Простой, наивный вопрос: про что спектакль? — тут уместен, и я сразу отвечу: для меня это прозвучало как чёткое антихристианское высказывание. Конечно, я могу быть предвзят: когда искусство затрагивает религию, проще «притянуть» позицию художника к собственным убеждениям. Те, кто сочувствовал Pussy Riot, могли интерпретировать акцию в ХХС и как атеистическую-антиклерикальную, и как вполне христианскую («настоящие христиане молятся не за режим, а наоборот»). Доходит и до смешного. В Театре Наций идёт абсолютно атеистический спектакль «Электра», где прямо-таки чёрным по белому сказано «бога нет» — так вот, одна верующая зрительница говорила буквально следующее: на самом деле режиссёр Тимофей Кулябин имел в виду, что он есть.

И всё-таки многое указывает на то, что «Лёд» Богомолова — рефлексия на тему христианства, причём самой религии, а не вторичных признаков религиозной жизни.

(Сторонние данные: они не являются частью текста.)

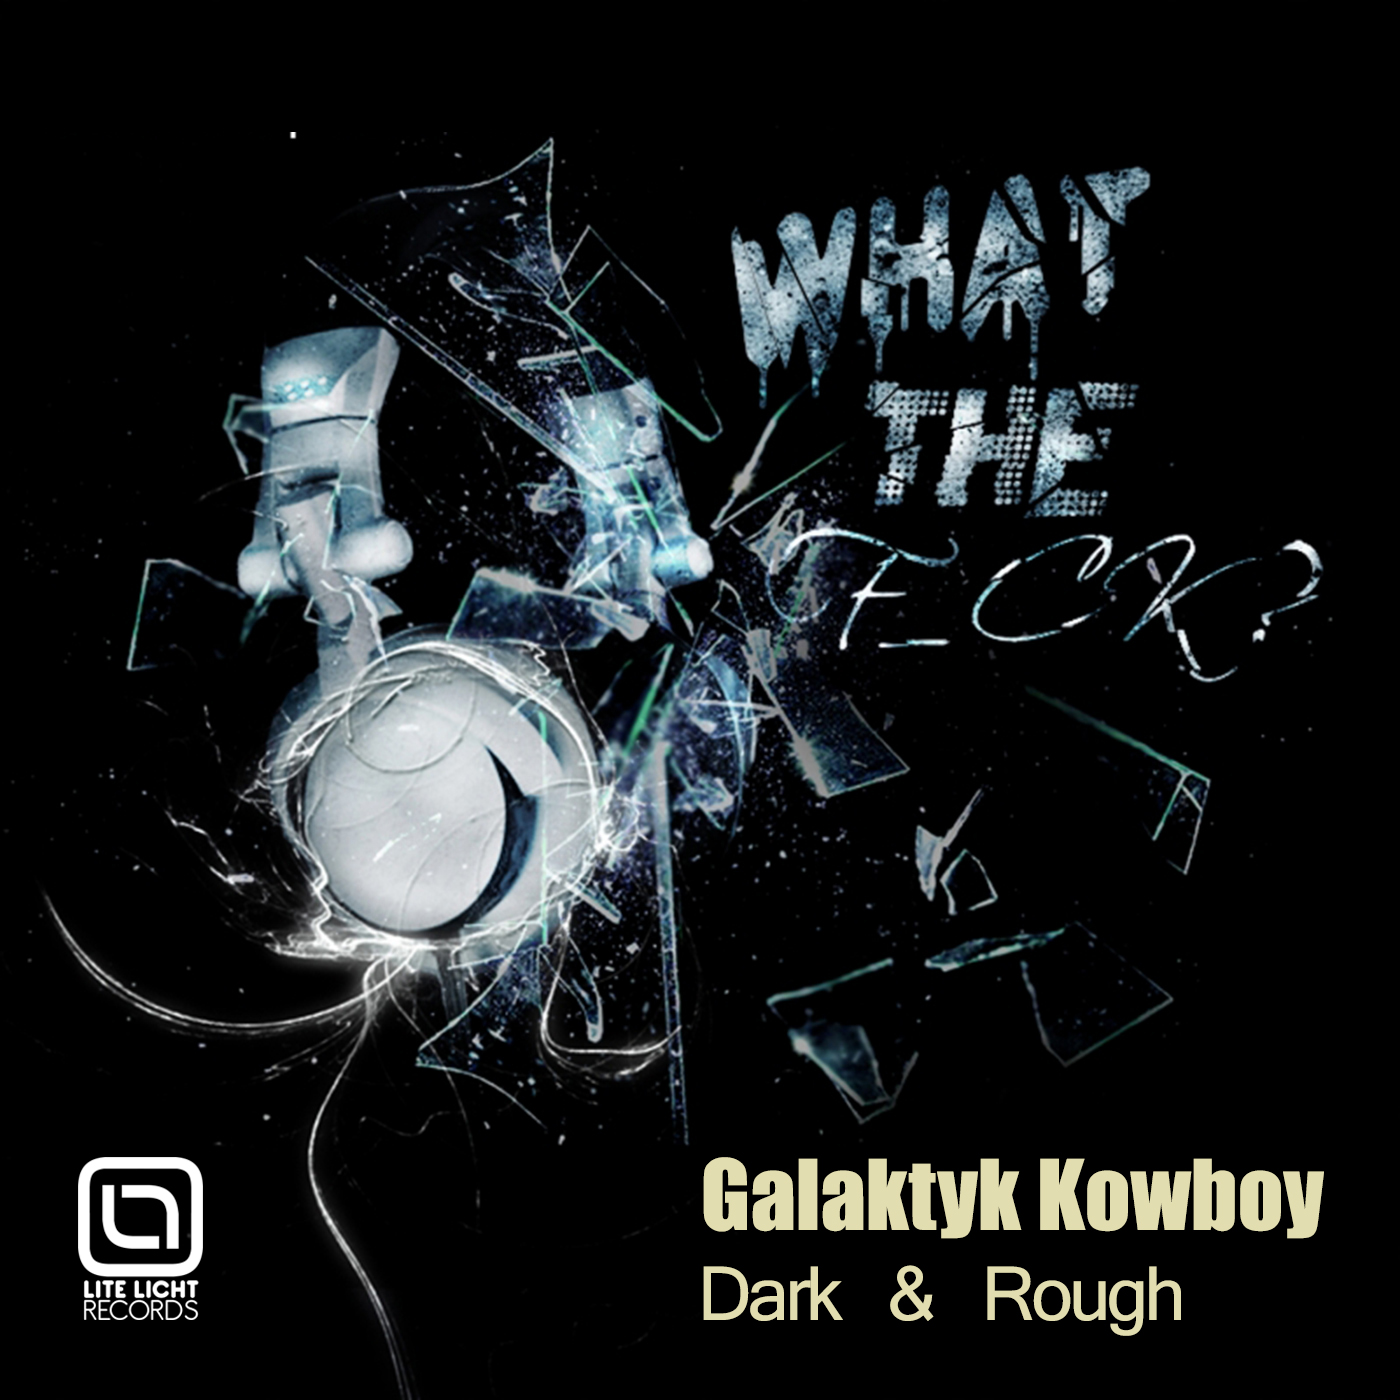 Galaktyk-Kowboy

Предмет сатиры в «Идеальном муже» — это пока всего лишь христианство в его официальном российском формате: поп-звёзды в храмах и попы в школах. Но потом режиссёр едет в Вильнюс, чтобы поставить в Малом театре «Мой папа — Агамемнон». И именно здесь картина меняется. Естественно, с европейцами надо говорить на более общие темы, и Богомолов разбирается с христианским мировоззрением как таковым, причём ему для этого нужны ситуации языческих — античных — героев. «Агамемнон», если коротко, спектакль о любви к смерти. Это в его трактовке главный мотив христианской культуры. Другое дело, что формальные задачи — действительно захватывающие — не дают этой теме развернуться. Но «Лёд», его следующая европейская постановка, раскрывает её в полной мере. Сорокин, как оказалось, позволяет это сделать без особой редактуры: собственно, поэтому новая инсценировка Богомолова очень бережна по отношению к источнику. Чтобы критически посмотреть на христианство, ему достаточно, во-первых, дать этому тексту прозвучать, а во-вторых, окружить его соответствующей символикой.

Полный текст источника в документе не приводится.